Summer 2018 is turning out to be a productive time for book publishing: in July, a chapter I wrote with Professor Creso Sá on scientific nationalism and scientific globalism was published; late August saw the publication of my new chapter with Dr Merli Tamtik called:

Emerging global players: Building institutional legitimacy in universities in Estonia and Kazakhstan
It’s out as part of an exciting new collection, Comparing Post-Socialist Transformations: Purposes, policies, and practices in education, edited by Maia Chankseliani and Iveta Silova.
Our chapter compares how Estonia and Kazakhstan are using their two flagship universities – the University of Tartu and Nazarbayev University – as tools in their broader quest to find a place towards the top of the global hierarchy of nations with high quality (and top ranking) universities.
Why compare Estonia and Kazakhstan?
Apart from the obvious sharing of 20th century educational and political history as republics of the USSR, both states have in recent decades been investing heavily in higher education reforms. They do this in their effort to transform into the much desired ‘knowledge economy’, which is basically a global panacea for all countries’ educational and labour market problems.

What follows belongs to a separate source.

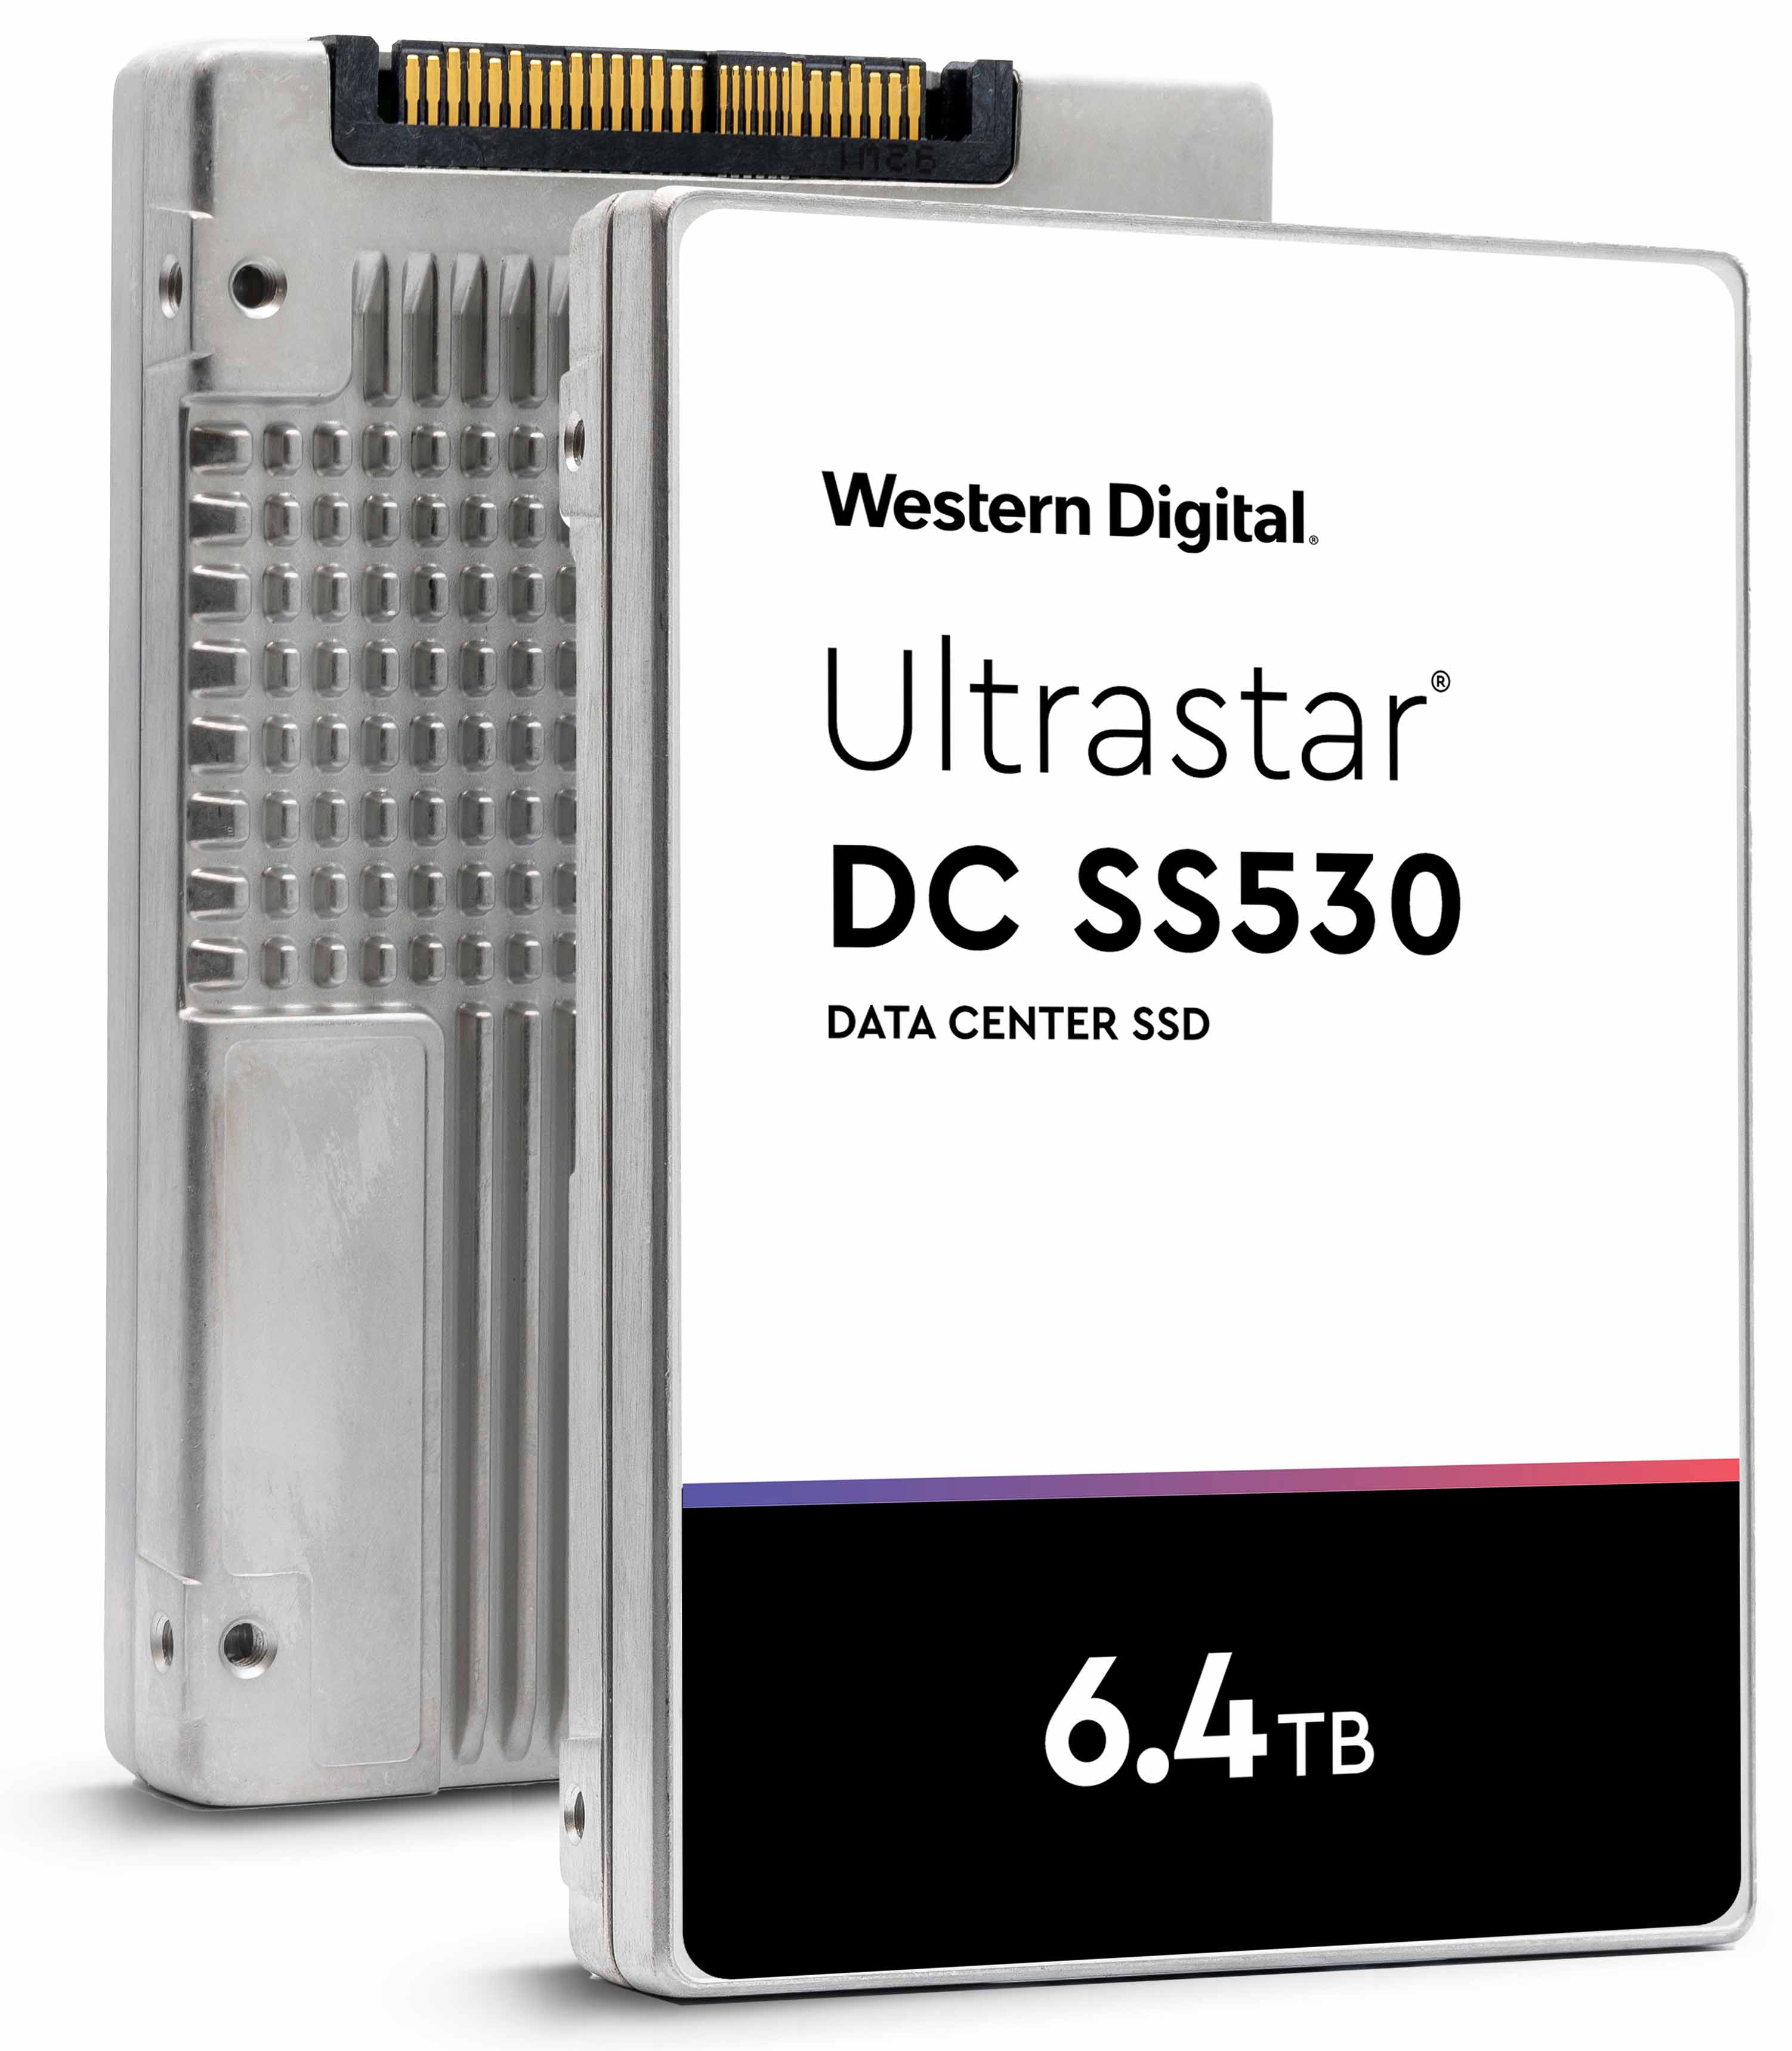 Western Digital Ultrastar DC SS530 WUSTR6464ASS204 0P40502 6.4TB SAS 12Gb/s 2.5" SE Solid State Drive
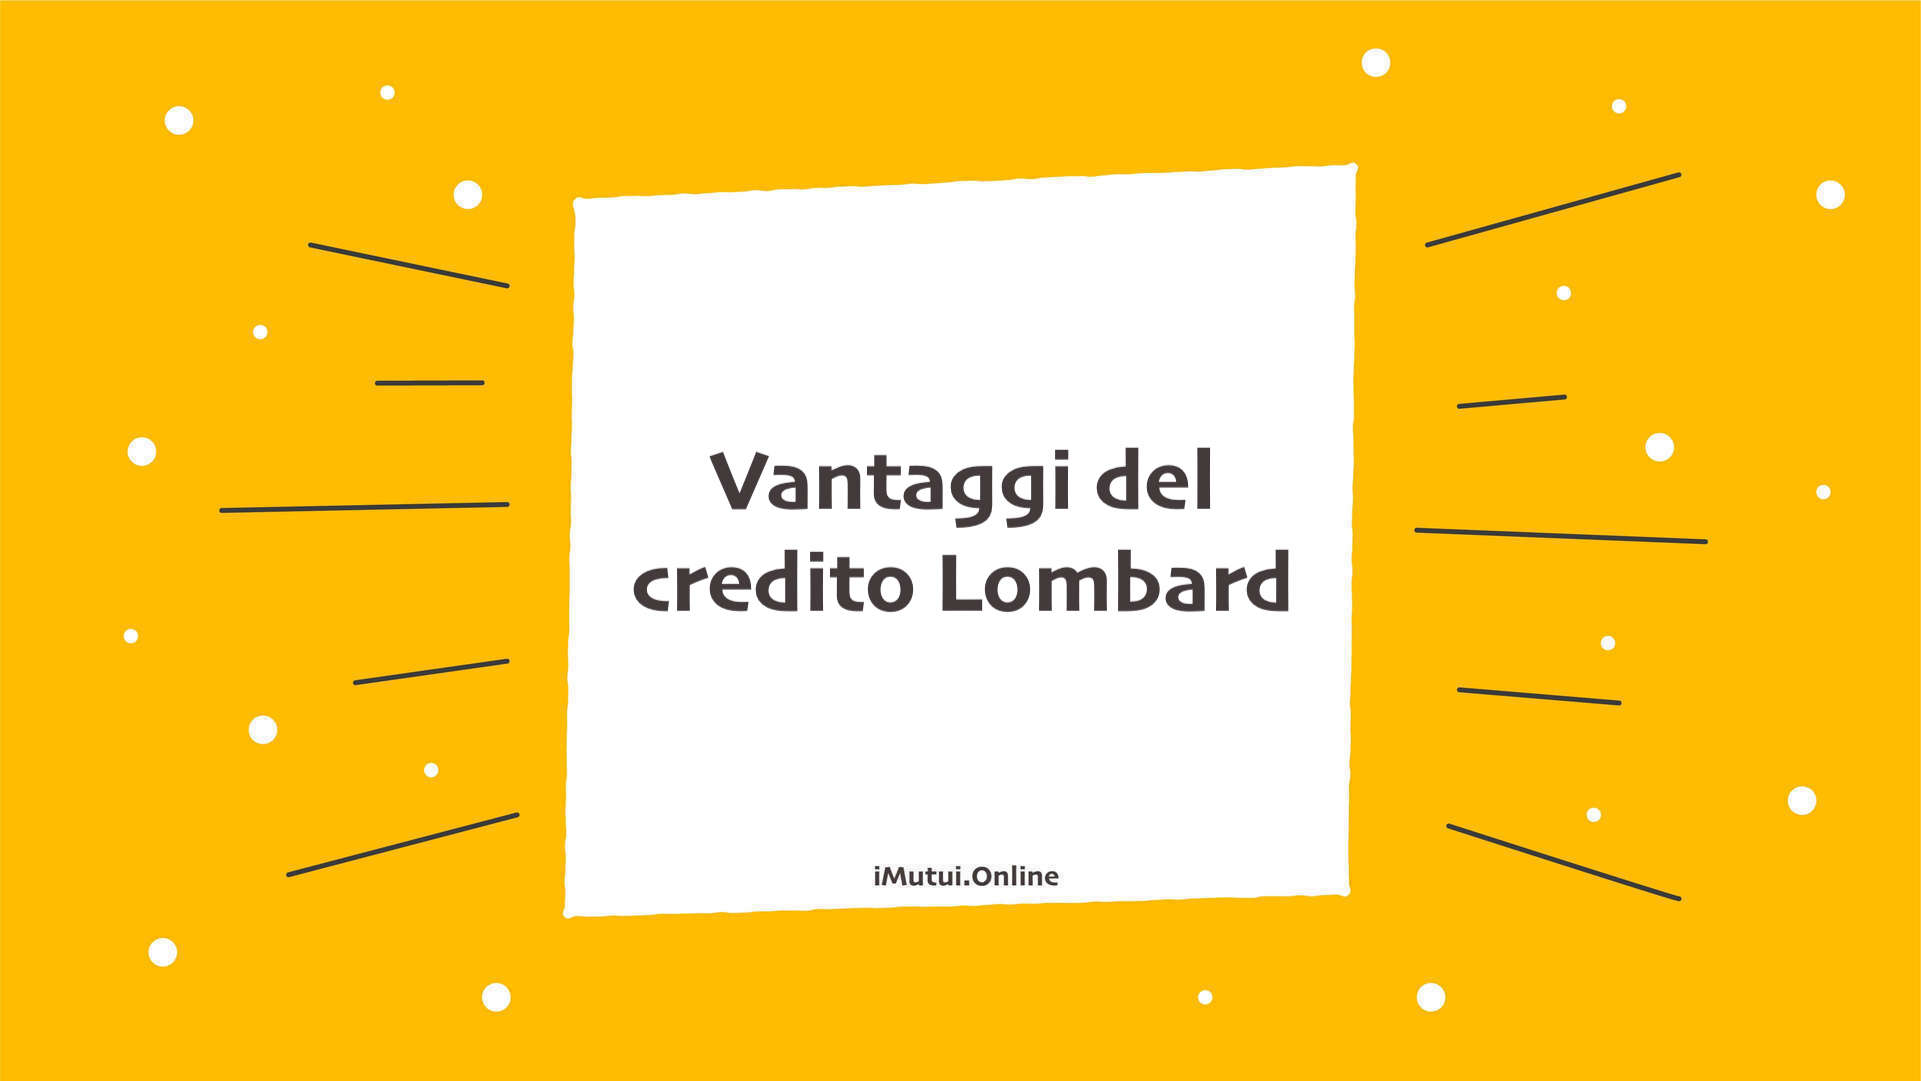 Vantaggi del credito Lombard

Adding a really interesting dimension to the comparison is the historical differences between the two countries and universities we examined. Estonia was a nation-state well before being annexed by the Soviet Union in 1940, and the the University of Tartu is one of the oldest universities in the European model, having been founded in 1632. That makes it older than any university in the United States which has a plethora of institutions in the global rankings.
At the other geographical end of the former Soviet space, Kazakhstan became an independent state only after the fall of the Soviet Union in 1991. It does have a deep and rich history, just not in the geographic and political formation it inherited last century. Our case study Nazarbayev University is an archetypal creation of contemporary Kazakhstan, teaching in English, recruiting academics from around the world and rapidly expanding after admitting its first students in 2010.
Building international legitimacy
To make our comparison, we used the theoretical idea of international legitimacy building. This is a dynamic process in which actors – in our case, the governments of Estonia and Kazakhstan and the two universities – discover, shape, adopt and diffuse ideas or sets of norms with the aim of enhancing their global standing.
Having a top university is one symbol of being a highly ranked nation, which is why we focused in on the flagship university in each state.
Going through the four phases of international legitimacy building, we found both patterns and divergences between the two countries. For example, strong leadership from the top in steering higher education was found in both settings, as were a series of rapid reforms to higher education made as soon as economically possible after 1991.
The clearest distinction between the two states was the much greater agency of higher education institutions in Estonia than their counterparts in Kazakhstan, where persistent centralization has only very recently started to shift towards offering universities greater autonomy.
Why is this important?
It’s never enough to say that your study is important because it is the first of its kind (although it is true that this is the first comparison of national/higher education developments in Estonia and Kazakhstan and we are pretty excited about having done this!).
We believe the chapter makes a contribution in the understanding and analysis of processes of state formation in the post-socialist space – states that are (re-)forming under intense global pressures not experienced by other countries that came into existence in the mid-20th century or earlier.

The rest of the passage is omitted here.